While the LDP and its allies, the Free Patriotic Movement and Hezbollah, have called for the incident to be referred to the Judicial Council, Parliament Speaker Berri, Hariri, the PSP and the Lebanese Forces are opposed to this, arguing that the case could be handled by the regular judiciary.

But the case has been officially referred to the Military Tribunal after the Internal Security Forces’ Information Branch concluded its investigation. Nonetheless, the Cabinet could still vote to refer it to the Judicial Council. Arslan has repeatedly called for a Cabinet vote on his request to refer the case to the Judicial Council, indicating he would accept the outcome of the vote.

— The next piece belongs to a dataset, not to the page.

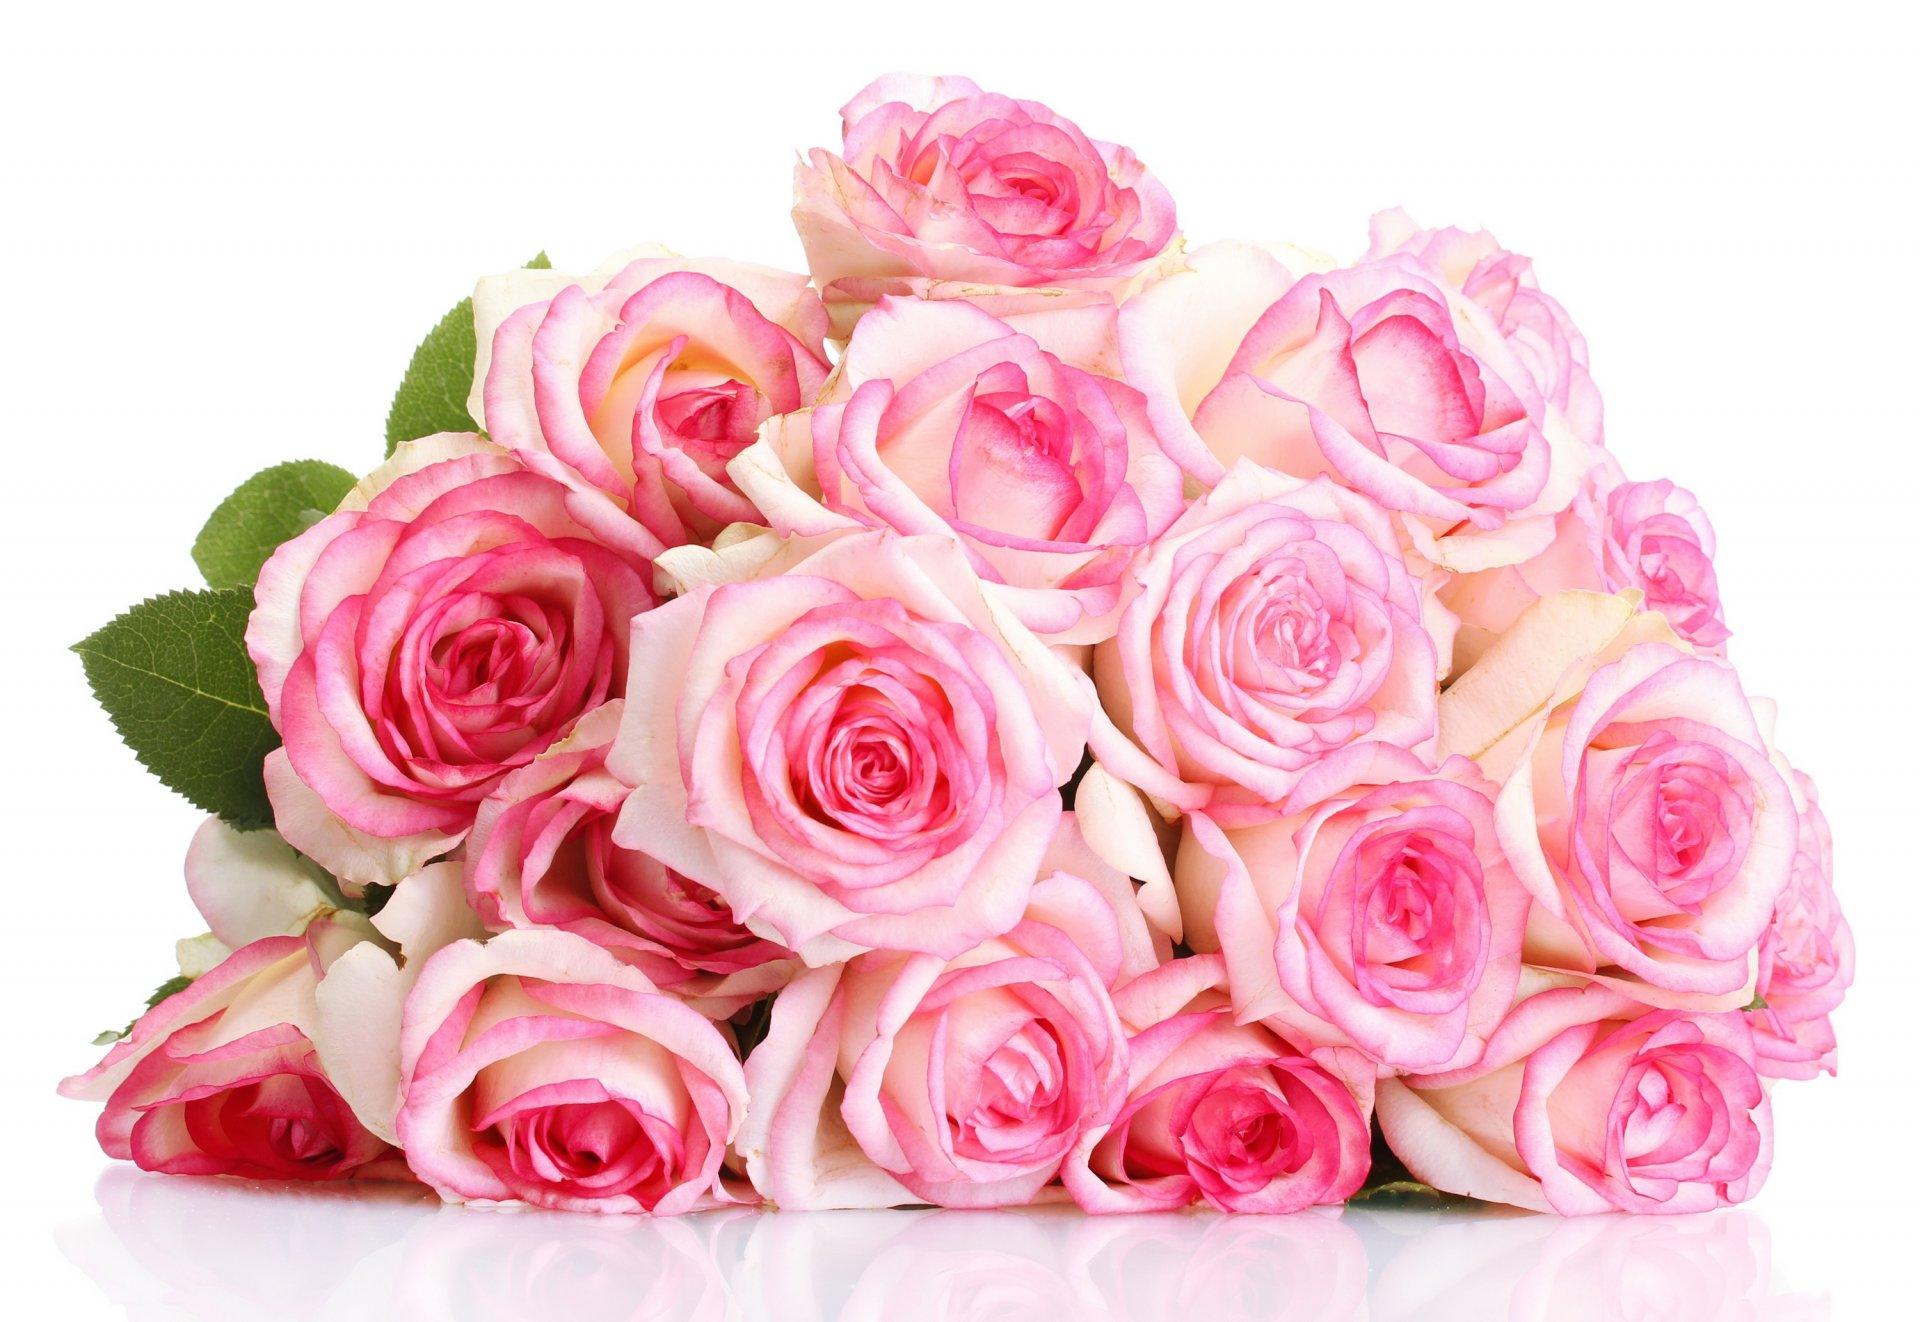 Изонити, открытки с днем рождения розы на белом фоне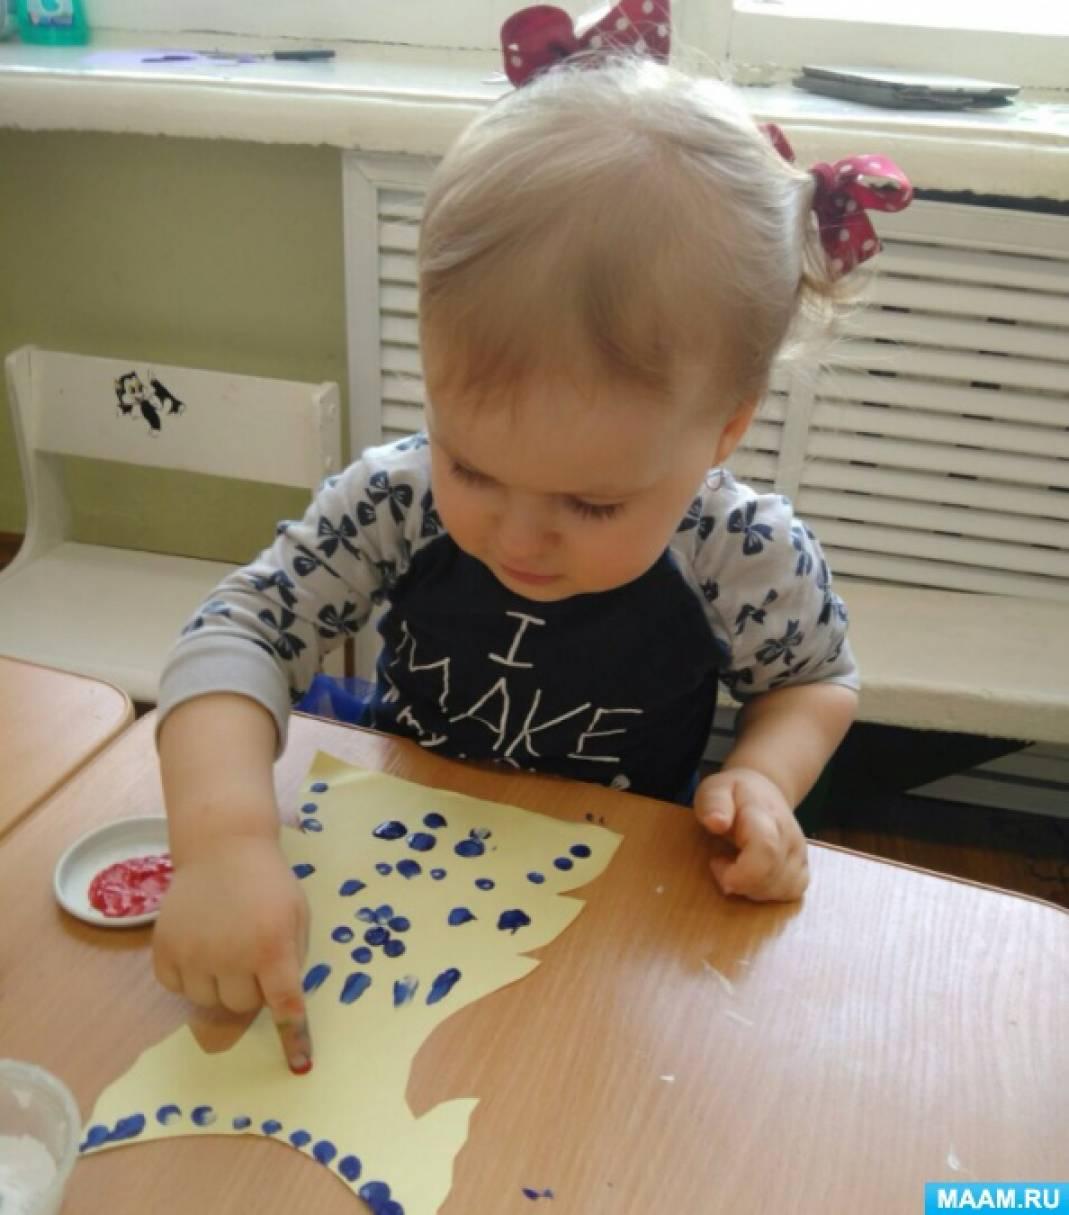 Фотоотчет «Новое платье для мамочки! Пальчиковое рисование»

Amid the escalating rhetoric between the PSP and the LDP, the Future Movement’s parliamentary bloc called on Hariri to act to reactivate the Cabinet, warning that time was running out to find a resolution to the incident.

“The Future bloc warns against engagement in political escalation and affirms that the deadline given to devise solutions [to the Qabr Shmoun incident] does not endure further extension and stalling,” the bloc said in a statement after its weekly meeting chaired by Sidon MP Bahia Hariri.

“National and constitutional responsibilities require that the premiership act to settle the matter and take whatever it needs to set the wheel of government action into motion,” the statement said.

While voicing support for Ibrahim’s mediation bid to find a judicial resolution to the Qabr Shmoun incident, the bloc warned that attempts to target Hariri and involve him in the current dispute were “regrettable and unacceptable and were bound to divert attention from real efforts being made to find a solution.”

Earlier in the day, Arslan renewed his call for referring the Qabr Shmoun incident to the Judicial Council. “The Qabr Shmoun crime that targeted a minister and his convoy completely conforms to the classification of harming national security,” Arslan said in a series of tweets.

Responding to opponents of referring the case to the Judicial Council, he said: “Why is this beating around the bush? Unless you wanted to push the Druze to a game of revenge and drowning the mountains in bloody strife that no one knows its consequences.”

In what appeared to a response to Arslan, Industry Minister Wael Abu Faour from the PSP told a news conference: “There is no need for the Judicial Council.”

He repeated the PSP’s call for the handover of wanted people from the LDP for their involvement in the incident after the PSP had handed over four men.